WORK ORDER: The listing below has to be output exactly as given, less its pictures.

RECORDED INFORMATION:
------------------------------------------------
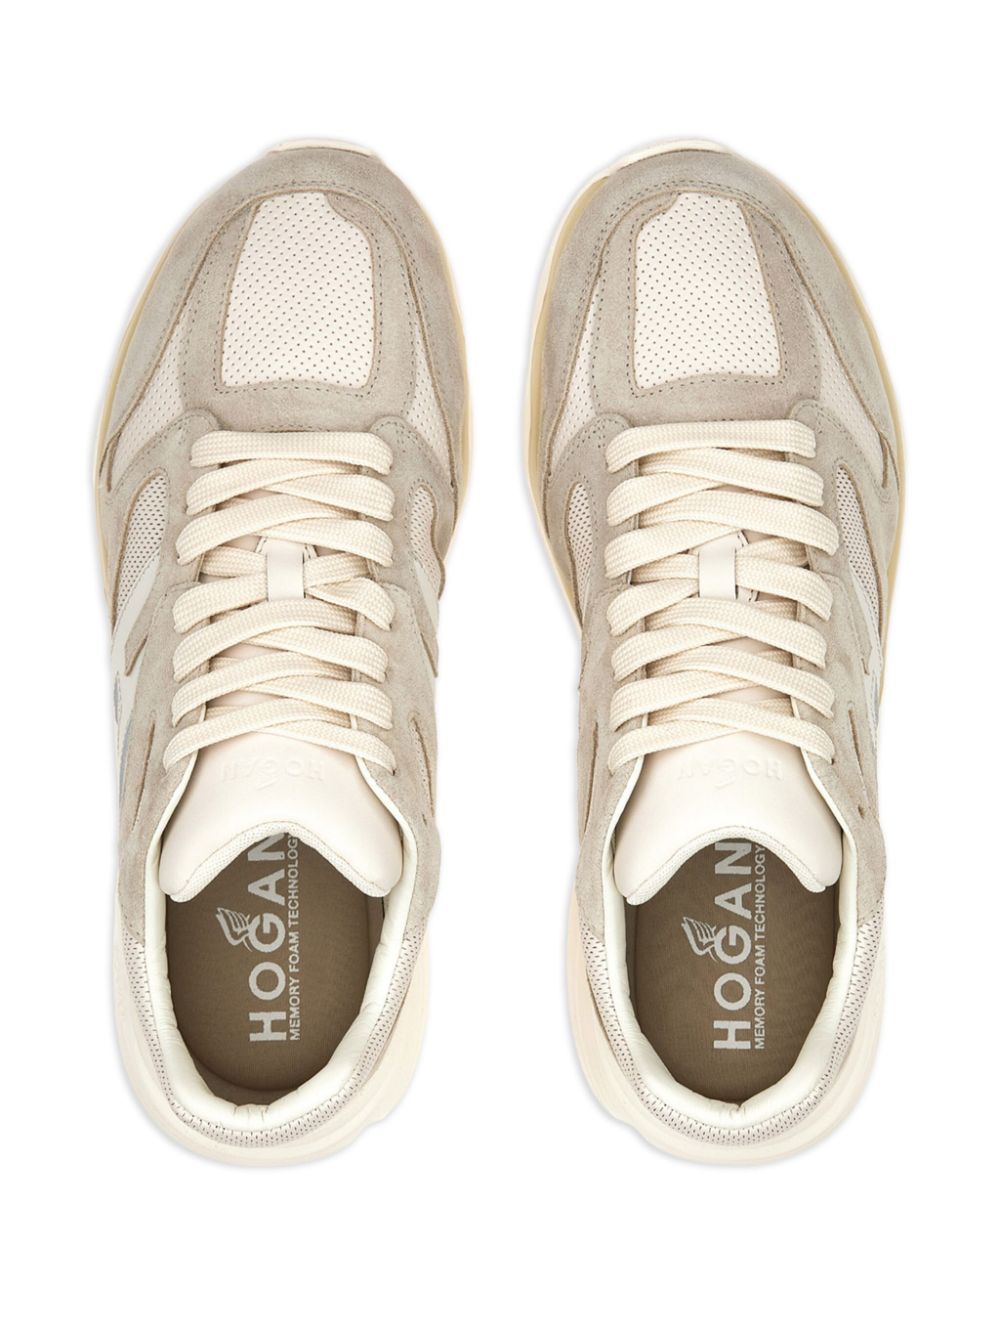 'H665' sneakers
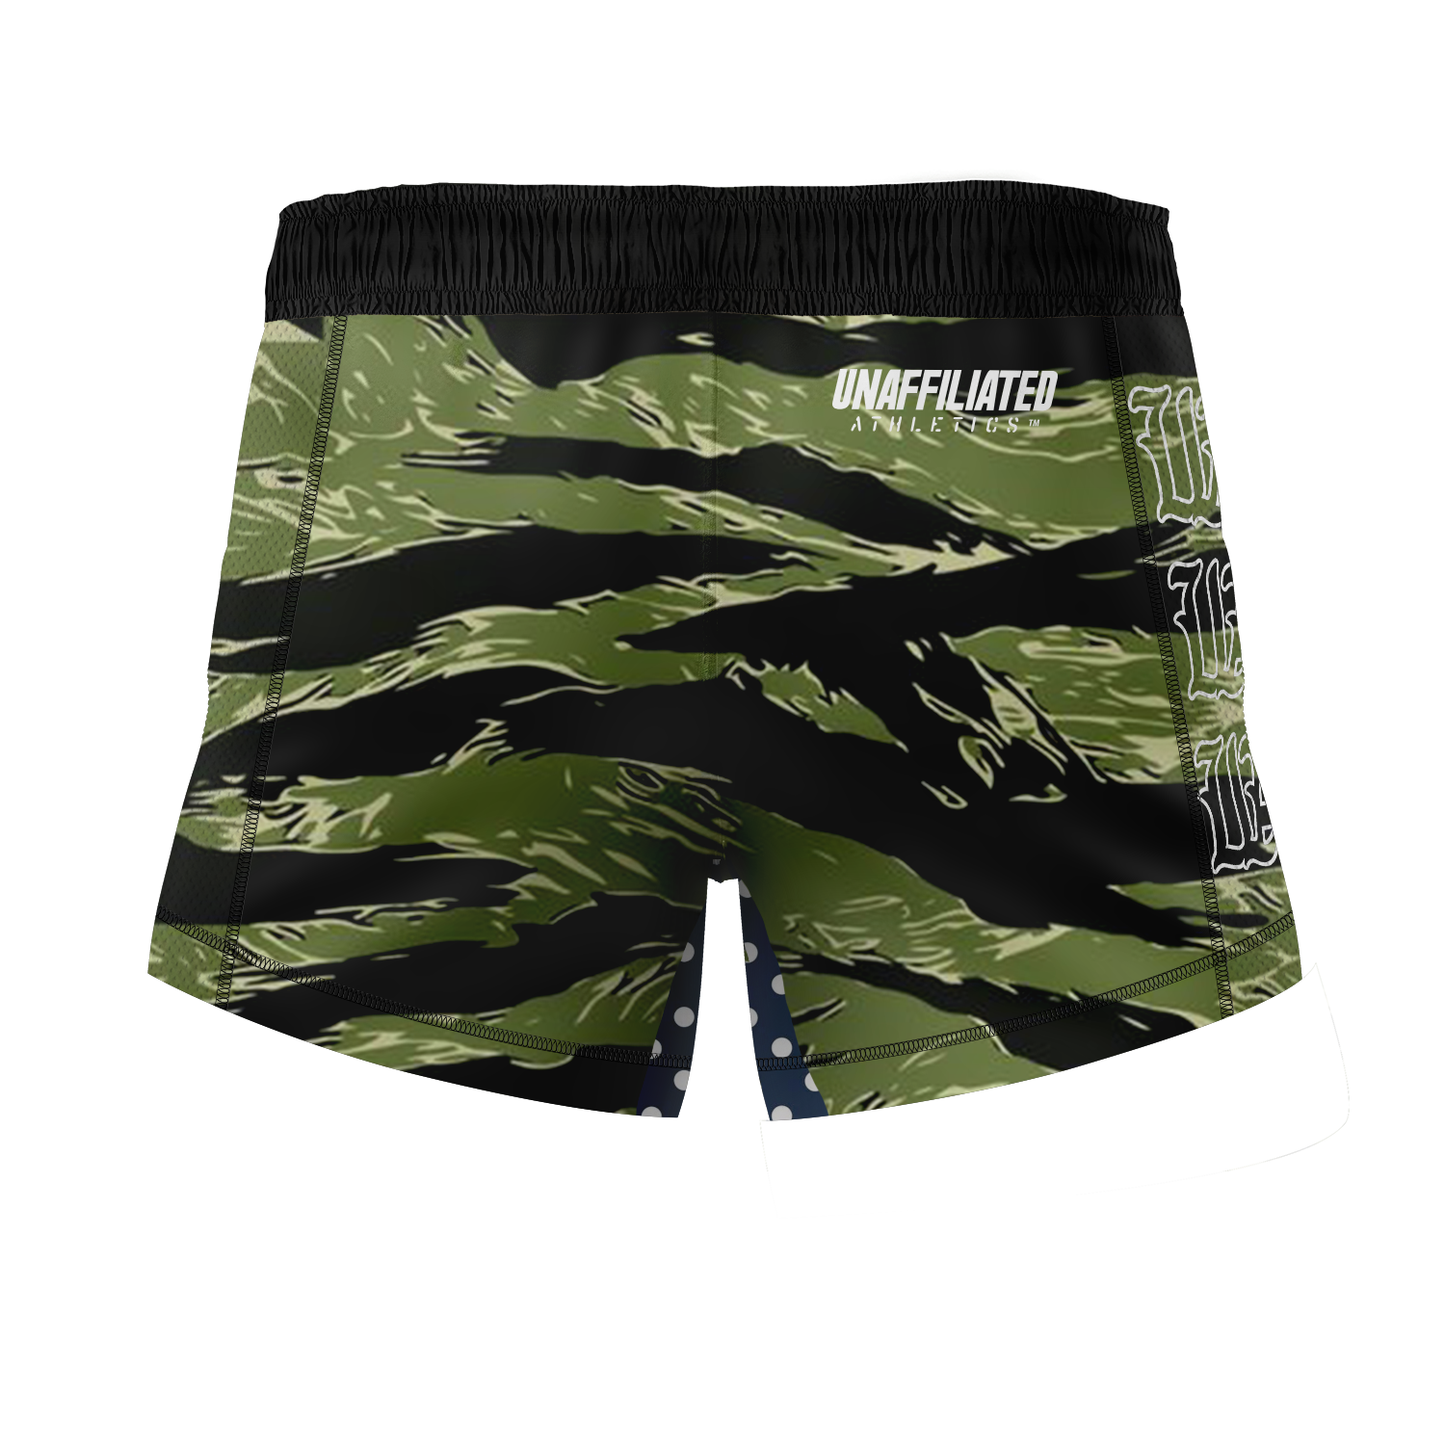 Unaffiliated Athletics muay thai shorts Polka Dots and Tiger Stripes, camo green
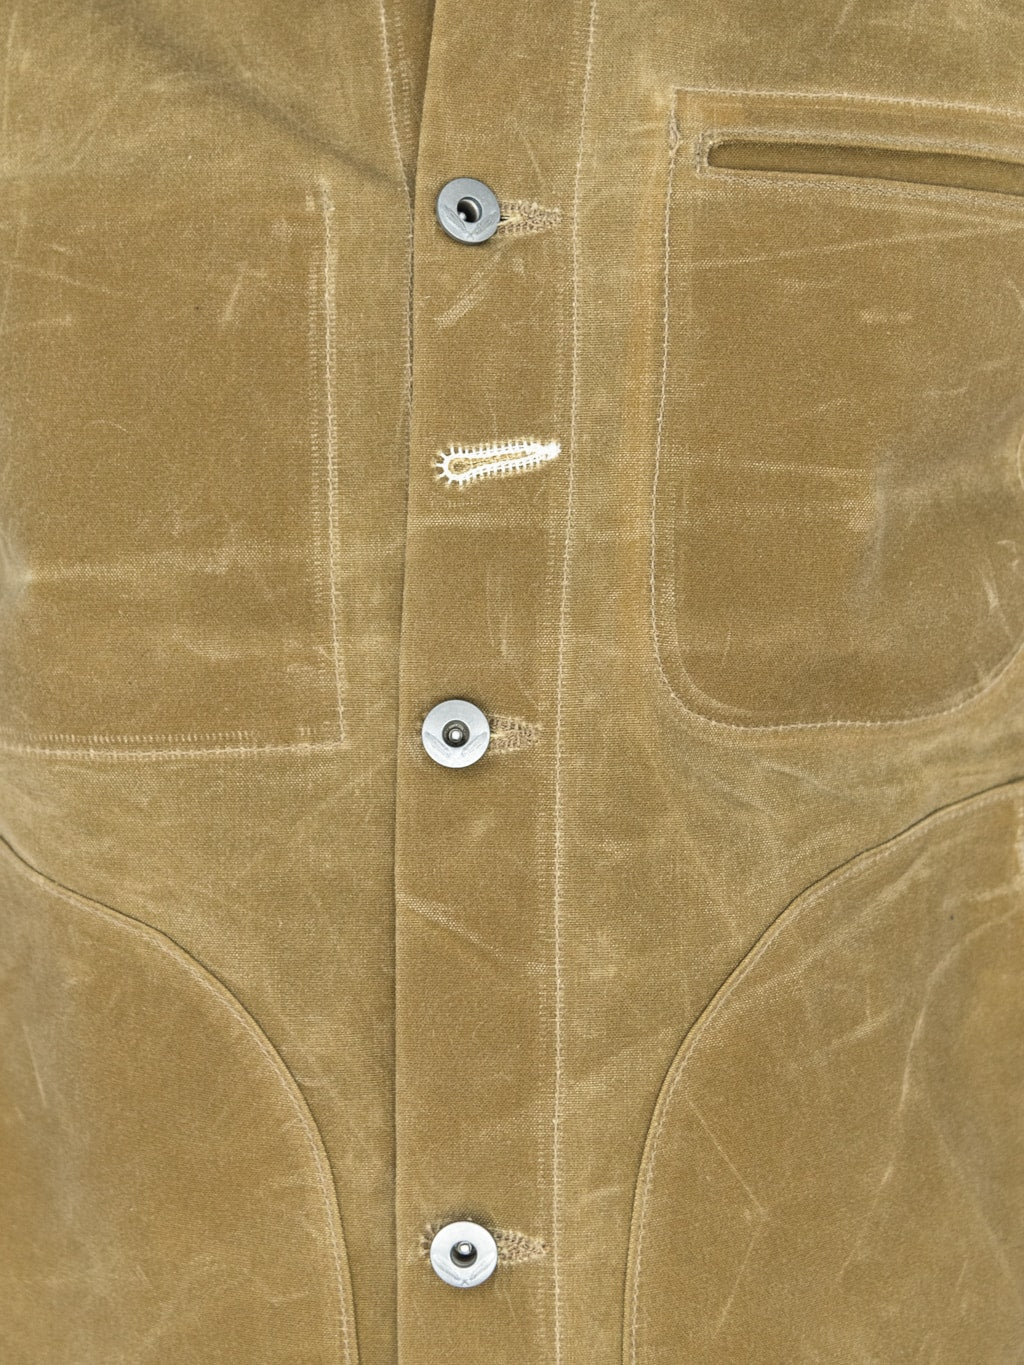 Rogue Territory Waxed Canvas Supply Jacket Tan Ridgeline chest pockets
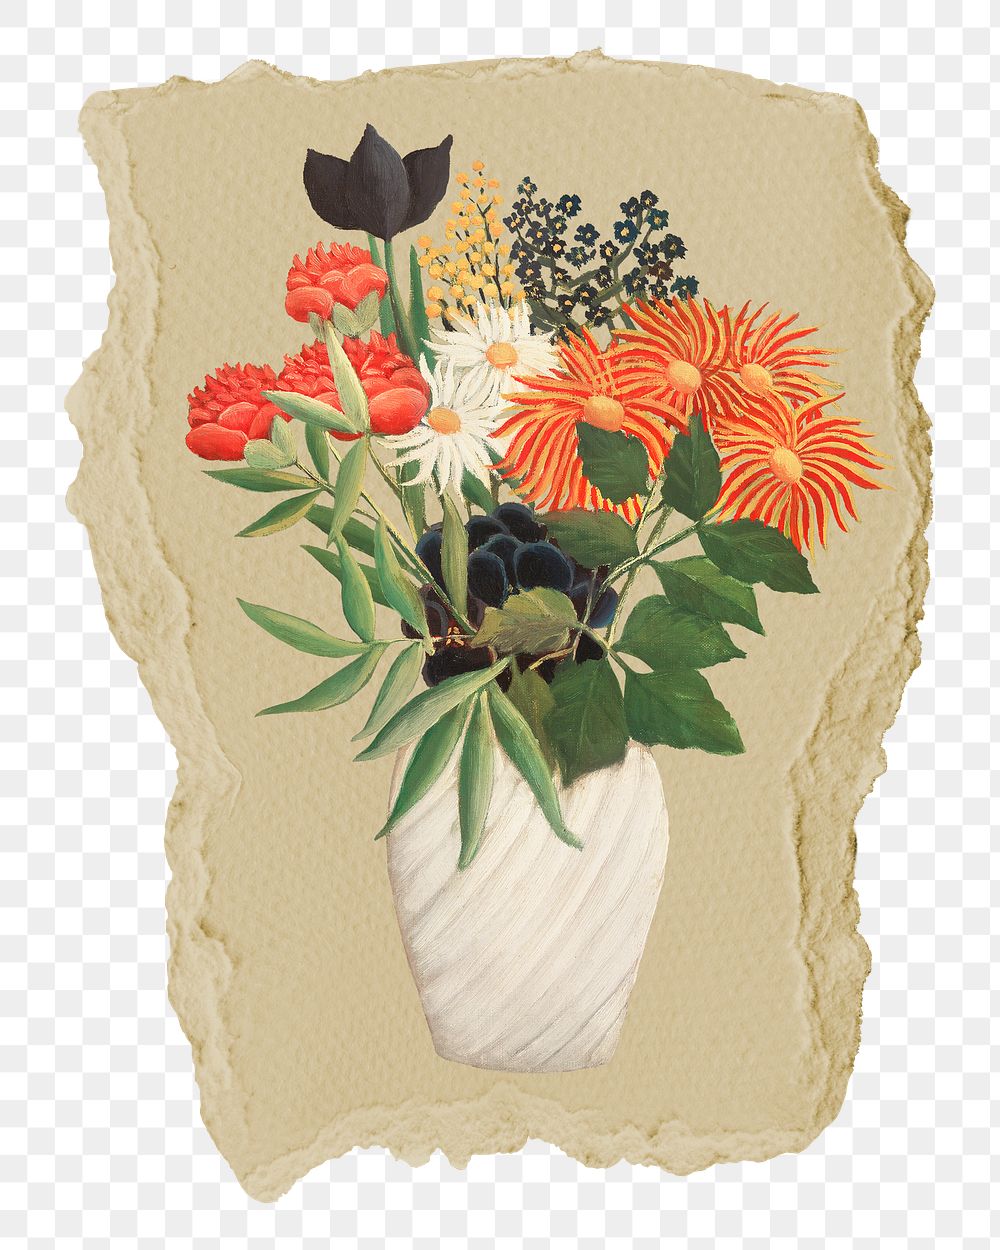 Png flowers in a vase sticker, vintage illustration on ripped paper, transparent background
------------------------------------------------
EXPECTED ANSWER:
 'H665' sneakers
 Unaffiliated Athletics muay thai shorts Polka Dots and Tiger Stripes, camo green
 Rogue Territory Waxed Canvas Supply Jacket Tan Ridgeline chest pockets
 Png flowers in a vase sticker, vintage illustration on ripped paper, transparent background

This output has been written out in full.